» **WORK TASK**:
Nothing past the line containing "Ulta Beauty 4" belongs in the output. Copy exactly every line of the data below from the first up to and including it.

» **Records contained in a dataset**:
________________________
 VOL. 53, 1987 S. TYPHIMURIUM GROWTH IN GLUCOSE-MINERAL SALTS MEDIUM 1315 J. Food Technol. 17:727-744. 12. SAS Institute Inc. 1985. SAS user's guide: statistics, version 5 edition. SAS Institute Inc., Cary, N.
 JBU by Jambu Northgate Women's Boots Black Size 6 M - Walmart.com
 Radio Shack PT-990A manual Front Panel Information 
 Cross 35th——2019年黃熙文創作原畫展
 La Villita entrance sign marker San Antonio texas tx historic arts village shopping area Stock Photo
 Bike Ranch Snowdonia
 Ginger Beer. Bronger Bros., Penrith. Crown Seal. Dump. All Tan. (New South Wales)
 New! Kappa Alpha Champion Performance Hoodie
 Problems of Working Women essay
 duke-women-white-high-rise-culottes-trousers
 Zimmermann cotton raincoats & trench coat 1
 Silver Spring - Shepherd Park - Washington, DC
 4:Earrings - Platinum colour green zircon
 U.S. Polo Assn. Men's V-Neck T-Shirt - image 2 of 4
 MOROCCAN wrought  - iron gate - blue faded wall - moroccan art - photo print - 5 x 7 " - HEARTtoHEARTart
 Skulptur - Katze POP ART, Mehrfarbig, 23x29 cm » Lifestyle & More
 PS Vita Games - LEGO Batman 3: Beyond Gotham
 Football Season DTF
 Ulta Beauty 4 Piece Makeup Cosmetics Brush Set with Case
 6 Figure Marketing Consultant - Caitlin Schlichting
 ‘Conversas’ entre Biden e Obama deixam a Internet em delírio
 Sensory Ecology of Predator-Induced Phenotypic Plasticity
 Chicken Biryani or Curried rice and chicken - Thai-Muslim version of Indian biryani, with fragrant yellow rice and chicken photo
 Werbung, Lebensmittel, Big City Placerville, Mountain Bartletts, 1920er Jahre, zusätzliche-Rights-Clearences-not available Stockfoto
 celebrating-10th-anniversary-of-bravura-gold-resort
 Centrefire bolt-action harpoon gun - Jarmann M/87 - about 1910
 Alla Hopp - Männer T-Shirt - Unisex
________________________
» **YOUR RESPONSE**:
 VOL. 53, 1987 S. TYPHIMURIUM GROWTH IN GLUCOSE-MINERAL SALTS MEDIUM 1315 J. Food Technol. 17:727-744. 12. SAS Institute Inc. 1985. SAS user's guide: statistics, version 5 edition. SAS Institute Inc., Cary, N.
 JBU by Jambu Northgate Women's Boots Black Size 6 M - Walmart.com
 Radio Shack PT-990A manual Front Panel Information 
 Cross 35th——2019年黃熙文創作原畫展
 La Villita entrance sign marker San Antonio texas tx historic arts village shopping area Stock Photo
 Bike Ranch Snowdonia
 Ginger Beer. Bronger Bros., Penrith. Crown Seal. Dump. All Tan. (New South Wales)
 New! Kappa Alpha Champion Performance Hoodie
 Problems of Working Women essay
 duke-women-white-high-rise-culottes-trousers
 Zimmermann cotton raincoats & trench coat 1
 Silver Spring - Shepherd Park - Washington, DC
 4:Earrings - Platinum colour green zircon
 U.S. Polo Assn. Men's V-Neck T-Shirt - image 2 of 4
 MOROCCAN wrought  - iron gate - blue faded wall - moroccan art - photo print - 5 x 7 " - HEARTtoHEARTart
 Skulptur - Katze POP ART, Mehrfarbig, 23x29 cm » Lifestyle & More
 PS Vita Games - LEGO Batman 3: Beyond Gotham
 Football Season DTF
 Ulta Beauty 4 Piece Makeup Cosmetics Brush Set with Case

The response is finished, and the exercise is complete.